他不再是那个只会跟在我身后,连说话都磕磕巴巴、像个害怕见人的幼童了。他开始疯狂地看书。方丈峰那几间平日里连耗子都不愿意光顾的藏书阁,快成了他的第二个家。每次我跑去找他,他总是坐在那堆积如山的竹简中间,阳光透过窗棂打在他的侧脸上,他看得那么专注,眉头微微蹙着,透着股说不出的认真劲儿。
不仅是看书,他甚至又开始练剑了。
他跑去瀛洲峰找那些剑修请教,瀛洲峰的几位师兄私底下跟我闲聊时,总是啧啧称奇,说他虽然忘了招式,但身子骨里似乎刻着什么本能,学剑的速度快得吓人。除此之外,他还缠着我师尊学医,说想要像我一样,能救死扶伤。
他渐渐地不再整天把我当成唯一的中心,他开始频繁地下山,和岛上那些凡人亲近。他帮老翁修渔网,逗着那些满地乱跑的稚童嬉戏打闹。看着那些小屁孩一口一个“大哥哥”地叫着他,看着他笑着揉那些孩子的脑袋,我心里……莫名地有些发酸。

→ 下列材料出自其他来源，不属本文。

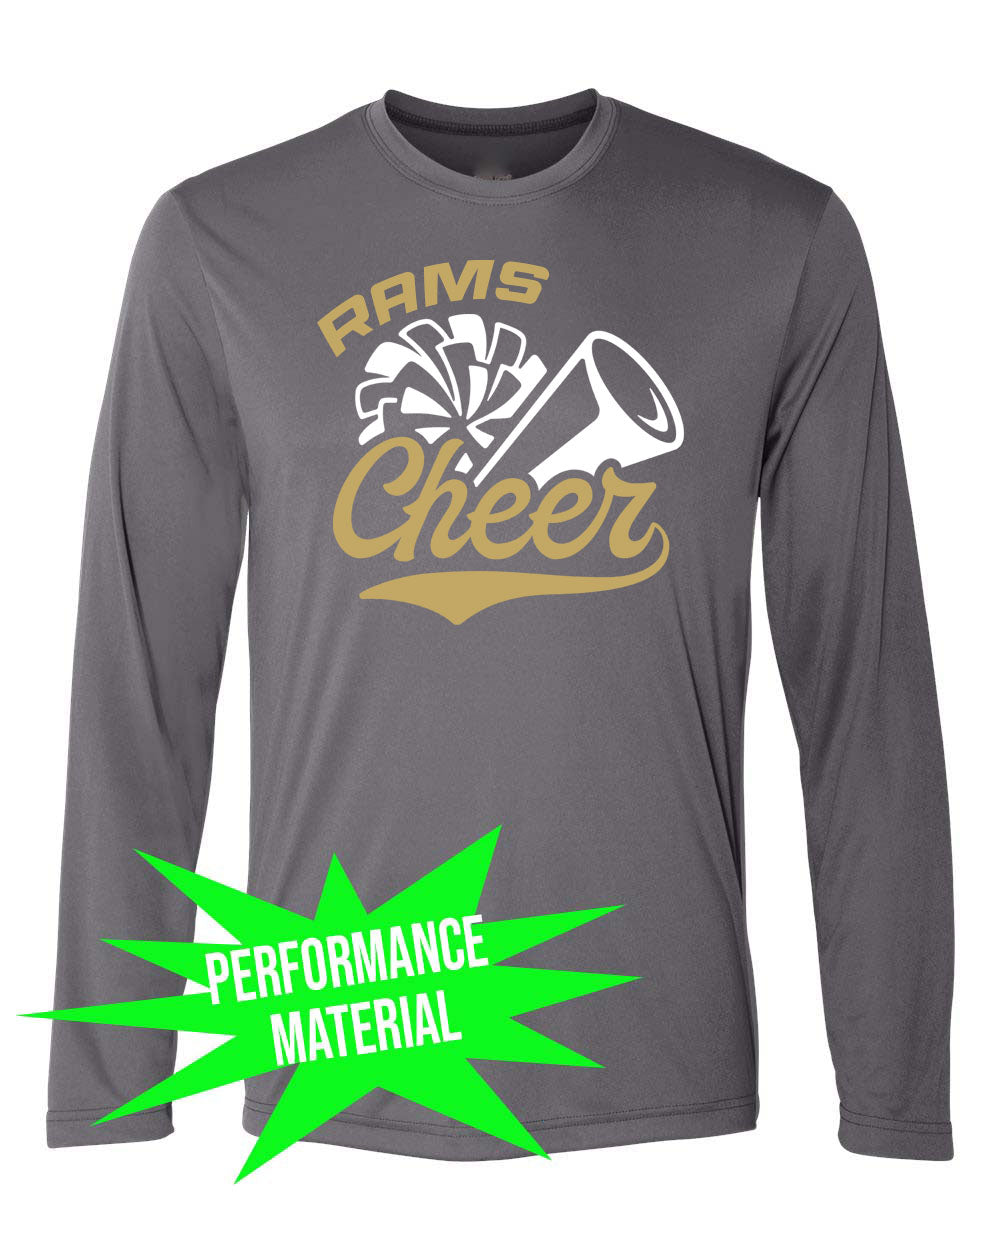 Sussex Middle Cheer Performance Material Design 1 Long Sleeve Shirt

就好像,我原本小心翼翼藏在手心里的一块糖,突然被分给了许多不相干的人。我多了好多莫名其妙的“弟弟妹妹”,这种感觉让我嫉妒得想要跺脚。
而最让我感到失落的是,他越来越成熟了,举手投足间,真的有了几分令人安心的“哥哥”模样。
这意味着,晚上那些在石室里荒唐又甜蜜的“治病”时光,彻底结束了。他不再像以前那样,被我随便哄骗。哪怕我红着脸主动暗示,他也只会温柔地帮我把衣服拉好,语重心长地说:“晓霜,哥哥的病已经好了,女孩子要懂得爱惜自己。”
我怎么可能不懂得爱惜自己?我只是……只是想靠近他一点,再近一点。
可是他的眼神那么清澈,清澈得让我觉得自己那些见不得光的小心思,简直像阴沟里的烂泥一样肮脏。我只能咽下那满肚子的失落,乖乖点头。
他看起来很开心,和蓬莱的每一个弟子、每一个凡人都相处得很融洽。
可是,我却能感觉到,他并不快乐。
偶尔,我会看到他一个人站在悬空栈道上,望着东海的方向,望着大秦的那片大陆,一站就是半天。他那双总是温和的眼睛里,会浮现出一种深深的、化不开的迷茫和悲伤。
我知道,他在想过去的事情。他在想那个真正的“晓霜”,想那个他梦里都在喊着“主人”的恐怖过往。
“哥哥,你在想什么?”好几次,我都试着去拉他的袖子,想要问问他,他脑子里到底装着些什么。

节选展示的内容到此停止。